You can track the order as it’s prepared, in transit and on every stage of the journey – which, to be fair, is pretty standard – but it also gives you an expected delivery time to the minute. An actual delivery time, as opposed to a worst-case scenario you get in so many other cases. For me the driver came in exactly 27 minutes (both times) and the company says the average is 32 minutes. As you can see from the pictures below the food was fresh and delicious – and as you can’t see, it was still 80% hot.


Why will this work?

Delivery services are nothing new. I remember one about a decade ago that does the exact same thing as Deliveroo does now with a big thick menu and you could phone in the numbers. The reasons why this is different if for the following reasons…

  • Pretty much everybody has a smartphone
  • Paying online has become much more frictionless
  • World class UI and design mean it’s easier than any other method

The VC and investment community around the world are obsessed with boring old businesses like logistics and delivery today. Businesses that haven’t changed for generations but which can now change overnight because of new technology – everybody wants to become the “Uber of something” and the delivery of food is a huge business.

While these businesses haven’t done great in the past, Deliveroo will be the business that nails this in Ireland – it’s that perfect mixture of timing, context, infrastructure and execution that nobody’s had before.

Just like you now “Hailo” instead of getting a taxi you’ll soon just Deliveroo when you are hungry and don’t want to go out – and when a business becomes an everyday verb, you know something big is happening.

When eating my second meal of the day I could just as easily have been in the restaurant but I was sitting in my boxer shorts (enjoy that visual) eating piping hot restaurant standard food 27 minutes after pushing a button. Everything was superb, hot and convenient.
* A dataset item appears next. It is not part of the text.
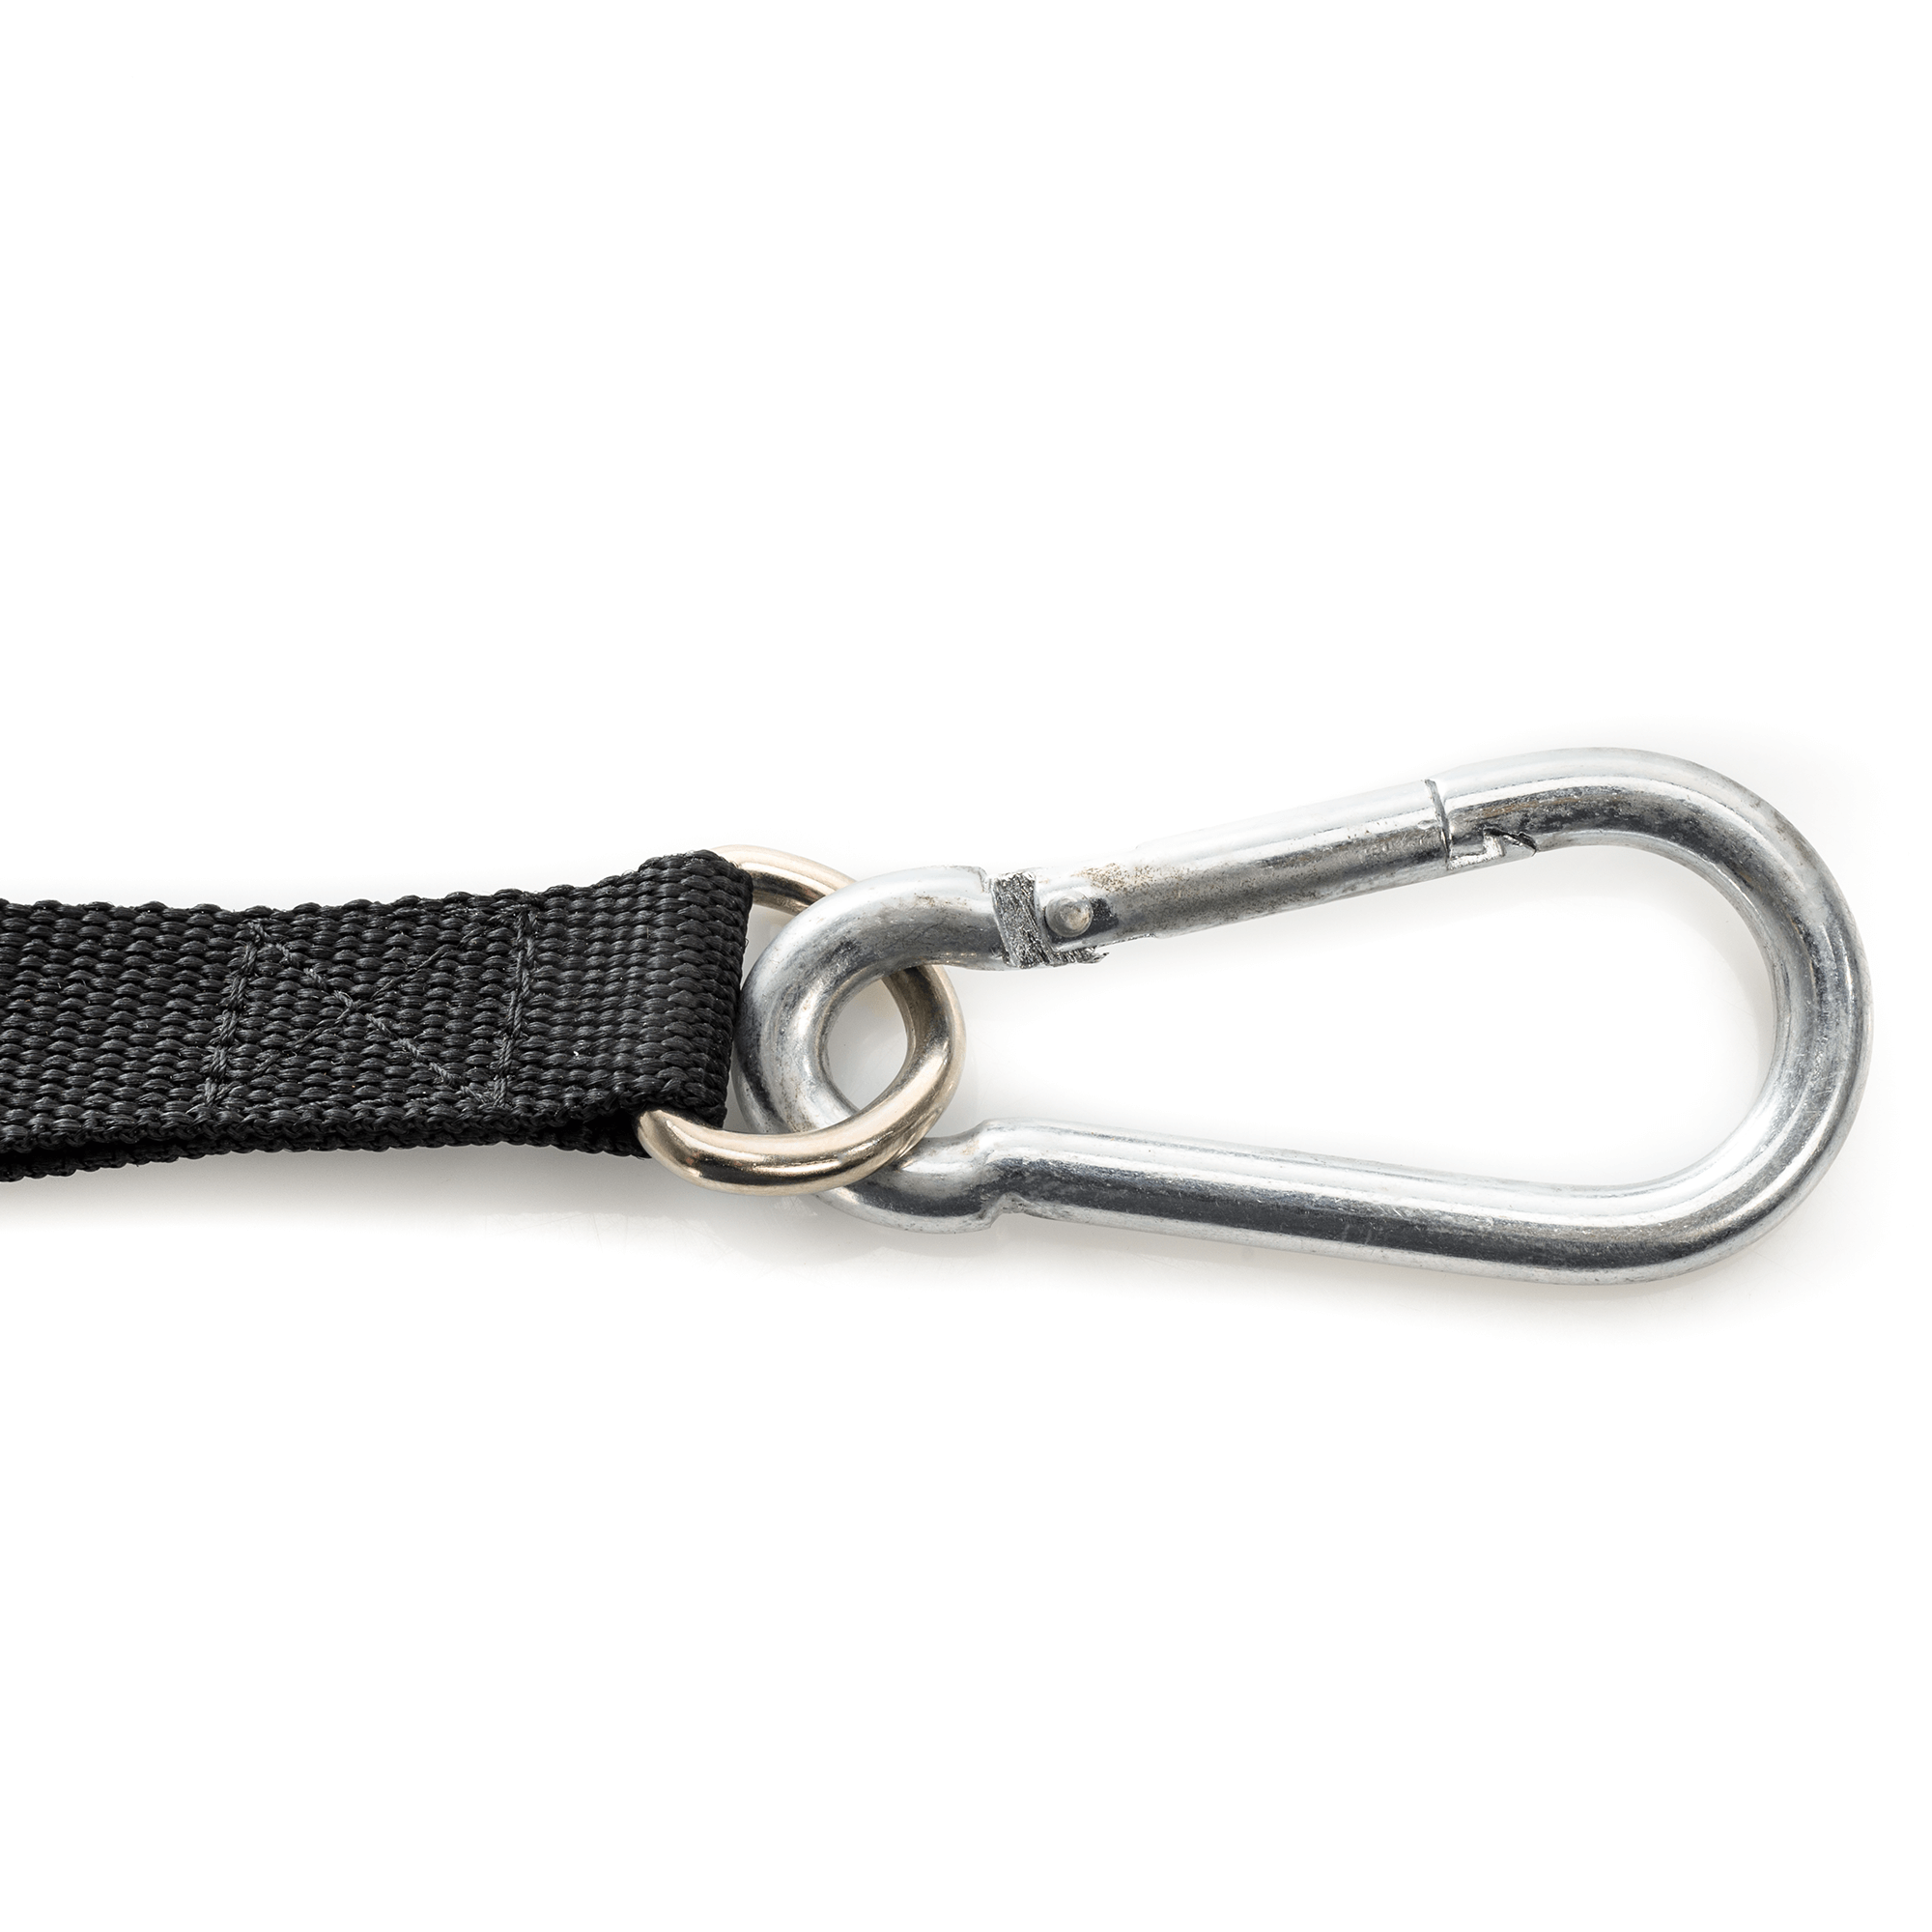 Foot Strap (Fitness product)
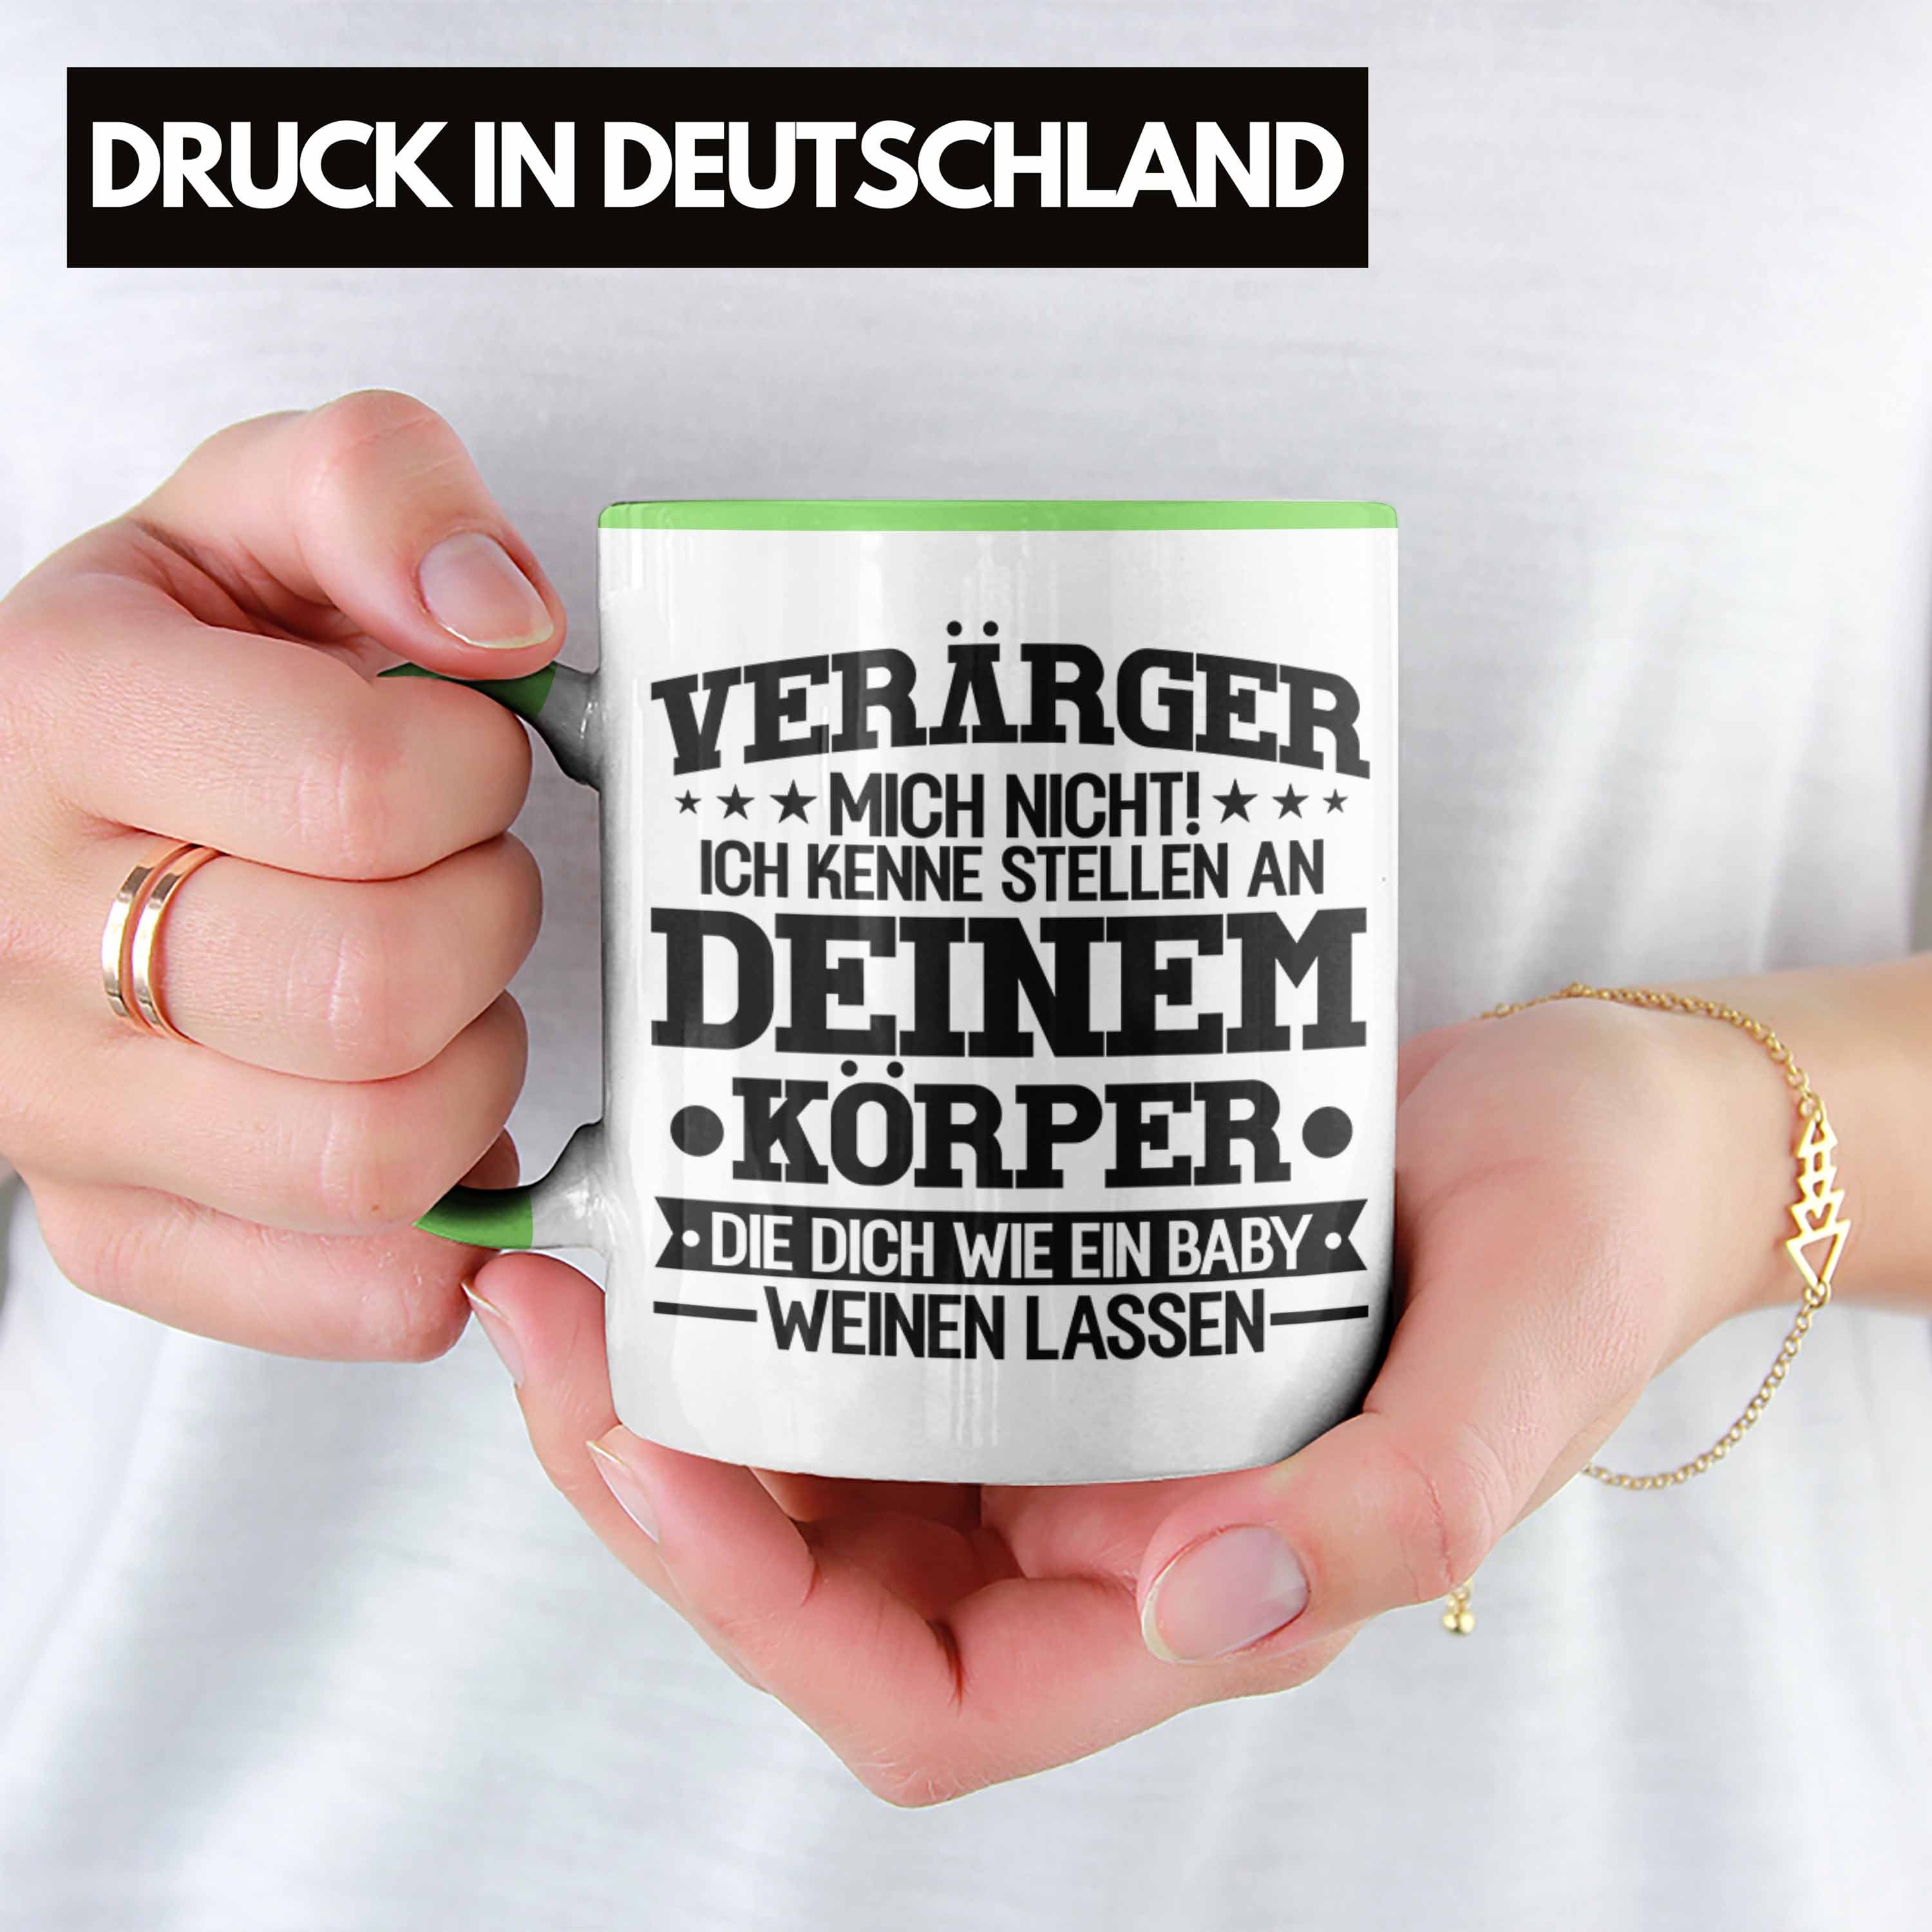 Praxis Trendation Geschenk Physiotherapie Tasse Geschenkidee Grün - Lustiger Trendation Tasse Spruch Physiotherapeut

When I think of Deliveroo, I think of that famous Steve Jobs quote he used when talking about the original iPhone. There had been hundreds, if not thousands, of phones in the past but none of them ‘did’ the internet right. Just like the iPhone, Deliveroo takes something incredibly complex – far more complex, in fact, than existing delivery services due to the integration of restaurants that don’t have a delivery infrastructure already in place – and makes it work. Simple as.

You’ll be using it a lot, mark my words.